KPJ Healthcare Berhad (KPJ)’s 1H23 net profit of RM98.8mn was in line with ours but above consensus expectations accounting for 50.0% and 68.2% of full year forecast respectively. Net profit rose by >100% YoY to RM98.8mn thanks to better performance from the Malaysian segment which supported by improved hospital activities. Malaysia operation recorded higher BOR of 66% in 1H23 (vs 53% in 1H22) fuelled by an increase in inpatient days to 405,089 days as opposed to 307,891 days recorded in 1HFY22. Going ahead, we anticipate a steady KPJ’s outlook to be driven by (i) rising healthcare expenditure in Malaysia, (ii) higher health insurance ownership, (iii) recovery in bed occupancy rate and (iv) recovery in number of inpatients and outpatients. We raised our TP to RM1.43 (from RM1.36 previously) as we roll forward our valuation base year to FY24F (from FY23F). Our valuation is derived based on SOP valuation with a WACC of 8.1% and a long-term growth of 1.5%.
- Within expectations. 1H23 net profit of RM98.8mn (YoY: +>100%) was in line with ours but above consensus expectations accounting for 50.0% and 68.2% of full year forecast respectively.
- Dividend. The group declared second interim dividend of 0.65 sen in 2Q23, bringing cumulative 1H23 DPS to 1.25sen (vs 0.45sen in 1HFY22). We estimate a total FY23 DPS of 2.4 sen, translating into a yield of 2.1%.
- QoQ. KPJ’s 2Q23 revenue was down by 3.6% QoQ attributable to lower patient visits (by 7% QoQ) and lower beds occupancy rate (BOR) to 63% (from 70% in 1Q23). In tandem, its net profit decreased by 9.5% QoQ.
- YTD. Top-line and bottom-line increased by 29.2% YoY and +>100% YoY respectively, boosted by better performance from the Malaysian segment, supported by improved hospital activities. Total inpatient in 1H23 was up by 25.1% to 165,660 patients (from 132,422 in 1Q22). Malaysia operation recorded higher BOR of 66% in 1H23 (from 53% in 1QFY22) fuelled by an increase in inpatient days to 405,089 days as opposed to 307,891 days recorded in 1HFY22.

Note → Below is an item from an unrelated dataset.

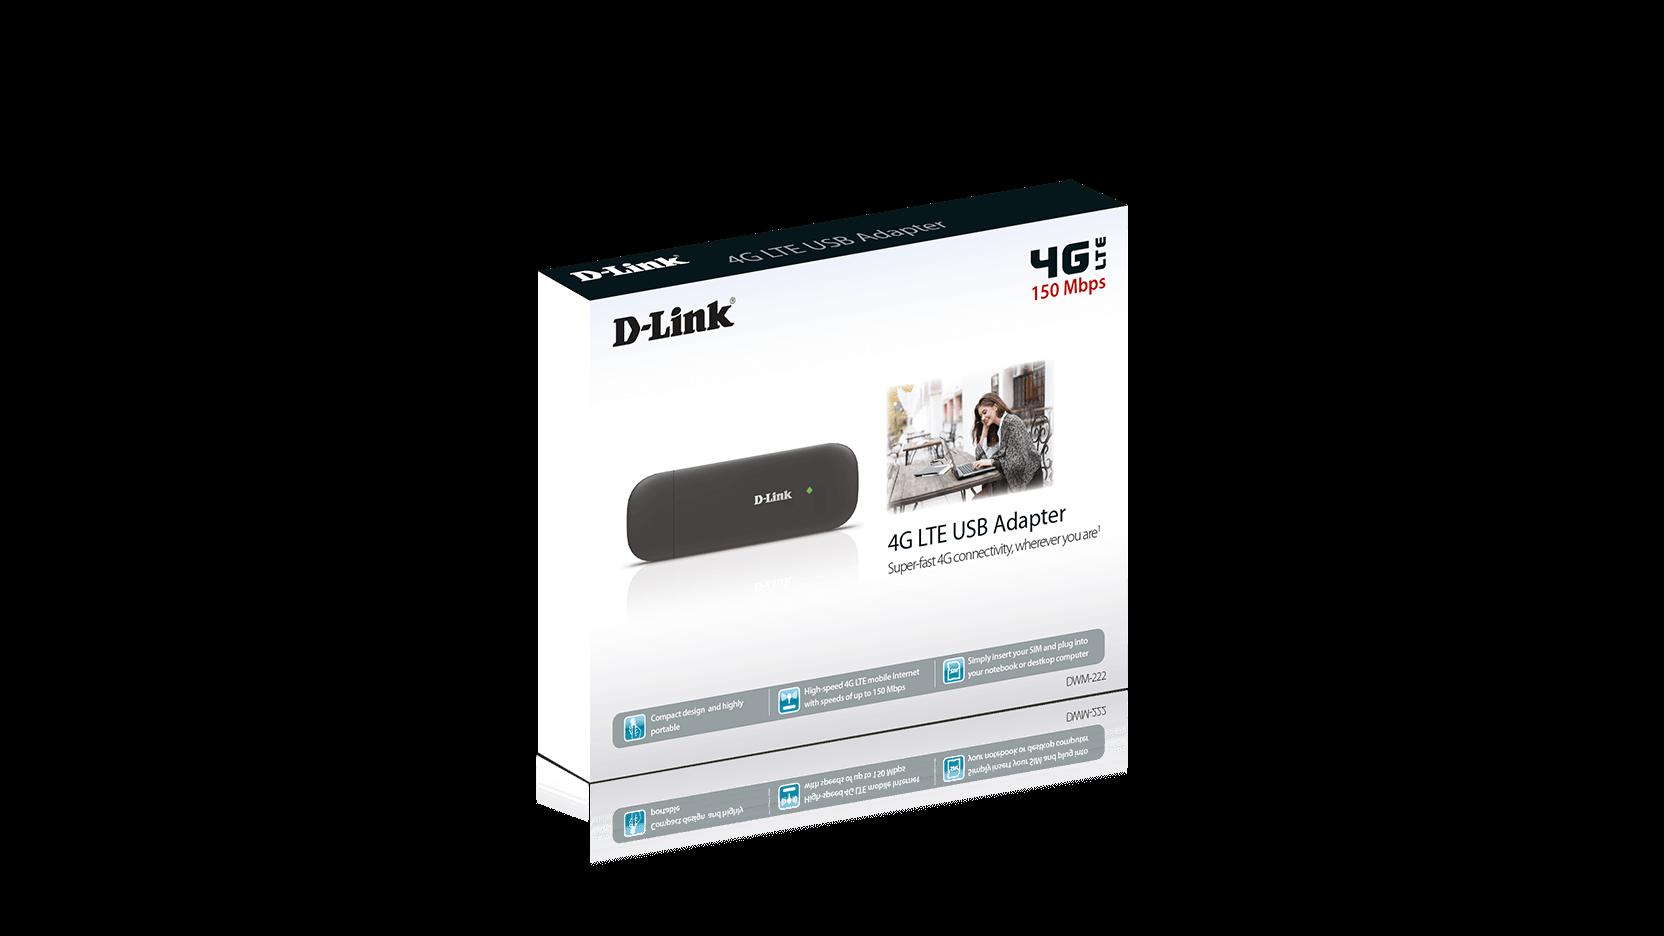 DWM-222 4G LTE USB Adapter | D-Link UK

- Outlook. KPJ’s steady outlook will be continue to be driven by (i) rising healthcare expenditure in Malaysia, (ii) higher health insurance ownership, (iii) recovery in bed occupancy rate, (vi) recovery in number of inpatients & outpatients and (v) increasing trend of health tourists. Downside risks to our call include; (i) currency volatility which may impact medical tourism, (ii) unfavourable regulatory changes as healthcare industry in Malaysia is highly regulated, and (iii) sudden surge in operating costs and (iv) lower-than-expected number of patients.
- Our call. We raised our TP to RM1.43 (from RM1.36 previously) as we roll forward our valuation base year to FY24F (from FY23F). Our valuation is derived based on sum-of-part (SOP) valuation with a WACC of 8.1% and a long-term growth of 1.5%. Maintain a BUY call.